I joined facebook in 2004, as a senior at Harvard (the school where the site originated). My member number (the order in which you joined the site, relative to everyone else) was in the hundreds. Facebook now boasts millions of users. Though I am late 20s, I felt no shame in my social networking addiction.

Until my parents joined. And my crazy relatives. And they all friended me. Not only did they friend me, but they started posting on my wall and messaging me PROFUSELY.

Suddenly, I saw a vision of myself 20 years from now. I hope to god I have enough self awareness not to put Gavin through what my “I’m 20-something still, aren’t I?” relatives are currently putting ME through.

The Perils of Parenting

No one ever told me that parenting a toddler was a full-contact sport.

When my son was born, my friends showered me with gifts of cute little onesies, baby bjorns, and stuffed animals galore. Had one them been a parent themselves, I remain certain they would instead have given me full body armor and a helmet.

You see, I am writing this post on the eve of my septoplasty. For those of you who don’t know, a septoplasty is a surgical procedure done to repair a damaged septum. I was not born with a deviated or damaged septum. No, my injury occurred at the hands – err, the diapered butt – of my three year old son.

Two months ago, I was very innocently lying in bed on a Saturday morning. Gavin, thrilled that it was a weekend day (what he aptly refers to as a “Mommy-Gavin Day”), bounded into my room and threw all 40 lbs of his toddler self upon me. In his pure elation, he did not consider neither his takeoff nor his landing, and he landed, diaper first, right onto my face.

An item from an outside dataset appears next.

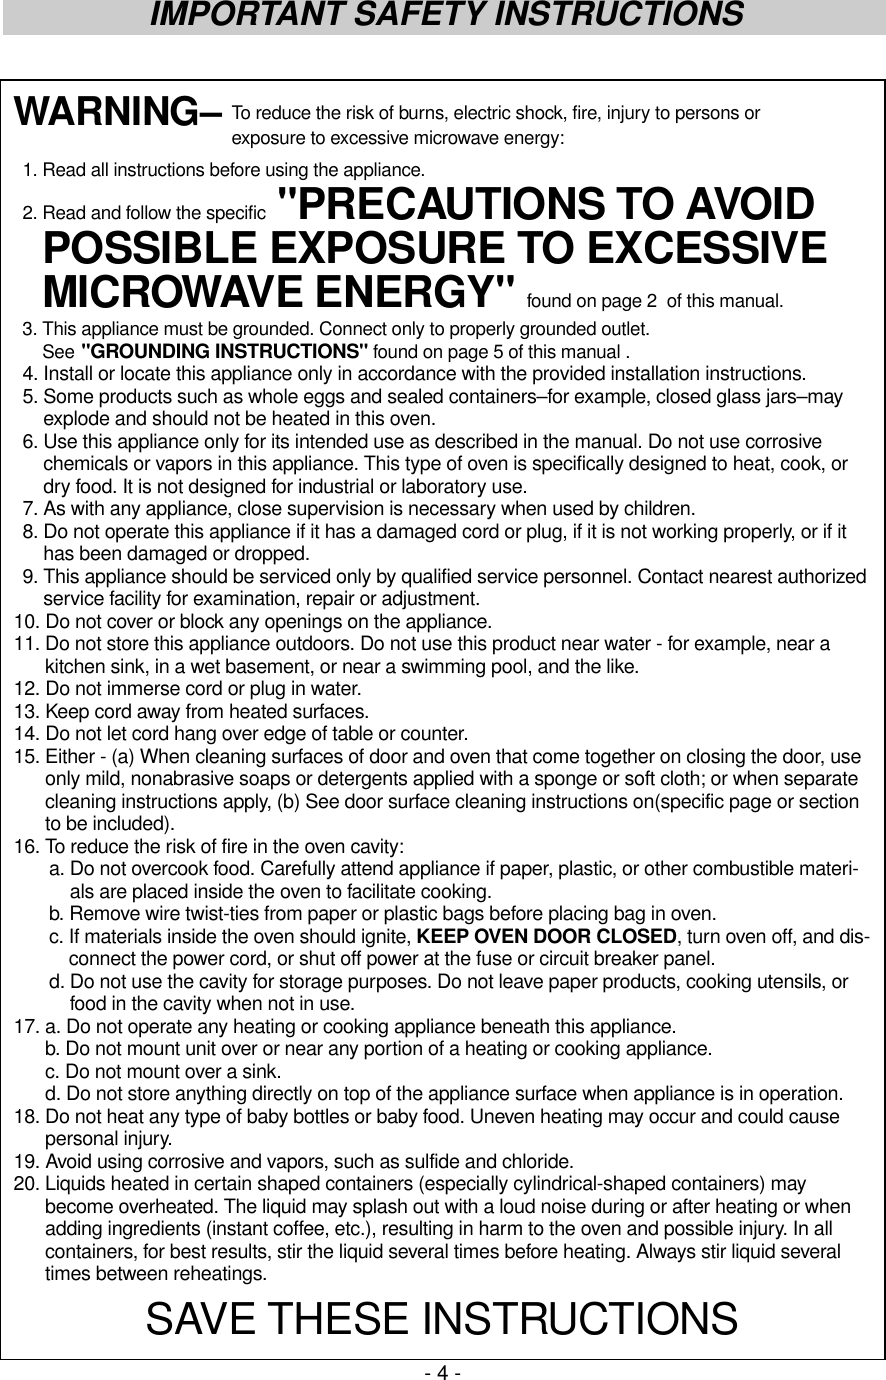 - 4 -IMPORTANT SAFETY INSTRUCTIONSWARNING– To reduce the risk of burns, electric shock, fire, injury to persons or exposure to excessive microwave energy:1. Read all instructions before using the appliance.2. Read and follow the specific &quot;PRECAUTIONS TO AVOIDPOSSIBLE EXPOSURE TO EXCESSIVEMICROWAVE ENERGY&quot; found on page 2  of this manual.3. This appliance must be grounded. Connect only to properly grounded outlet.See &quot;GROUNDING INSTRUCTIONS&quot; found on page 5 of this manual .4. Install or locate this appliance only in accordance with the provided installation instructions.5. Some products such as whole eggs and sealed containers–for example, closed glass jars–mayexplode and should not be heated in this oven.6. Use this appliance only for its intended use as described in the manual. Do not use corrosivechemicals or vapors in this appliance. This type of oven is specifically designed to heat, cook, ordry food. It is not designed for industrial or laboratory use.7. As with any appliance, close supervision is necessary when used by children.8. Do not operate this appliance if it has a damaged cord or plug, if it is not working properly, or if ithas been damaged or dropped.9. This appliance should be serviced only by qualified service personnel. Contact nearest authorizedservice facility for examination, repair or adjustment.10. Do not cover or block any openings on the appliance.11. Do not store this appliance outdoors. Do not use this product near water - for example, near akitchen sink, in a wet basement, or near a swimming pool, and the like.12. Do not immerse cord or plug in water.13. Keep cord away from heated surfaces.14. Do not let cord hang over edge of table or counter.15. Either - (a) When cleaning surfaces of door and oven that come together on closing the door, useonly mild, nonabrasive soaps or detergents applied with a sponge or soft cloth; or when separatecleaning instructions apply, (b) See door surface cleaning instructions on(specific page or sectionto be included).16. To reduce the risk of fire in the oven cavity:a. Do not overcook food. Carefully attend appliance if paper, plastic, or other combustible materi-als are placed inside the oven to facilitate cooking.b. Remove wire twist-ties from paper or plastic bags before placing bag in oven.c. If materials inside the oven should ignite, KEEP OVEN DOOR CLOSED, turn oven off, and dis-connect the power cord, or shut off power at the fuse or circuit breaker panel.d. Do not use the cavity for storage purposes. Do not leave paper products, cooking utensils, orfood in the cavity when not in use.17. a. Do not operate any heating or cooking appliance beneath this appliance.b. Do not mount unit over or near any portion of a heating or cooking appliance.c. Do not mount over a sink.d. Do not store anything directly on top of the appliance surface when appliance is in operation.18. Do not heat any type of baby bottles or baby food. Uneven heating may occur and could causepersonal injury.19. Avoid using corrosive and vapors, such as sulfide and chloride.20. Liquids heated in certain shaped containers (especially cylindrical-shaped containers) maybecome overheated. The liquid may splash out with a loud noise during or after heating or whenadding ingredients (instant coffee, etc.), resulting in harm to the oven and possible injury. In allcontainers, for best results, stir the liquid several times before heating. Always stir liquid severaltimes between reheatings.SAVE THESE INSTRUCTIONS

My nose wasn’t broken, so I assumed all was okay. The only thing I found strange was that ever since the nose-landing incident, I suffered an unusual amount of congestion. Finally, I took myself to see a doctor who quickly assessed the situation. My septum was bent and the only way to repair it was through surgery. (He assured me that this was a very common injury, especially for those with large dogs and / or small children.)

So, tomorrow I will have my surgery. The sympathy from those around me is truly wonderful, though. When I told my Jewish mother what had happened, her reaction was, “So you’re having a nose job?” My Ex is having even more fun telling people that I am “having my nose modified.”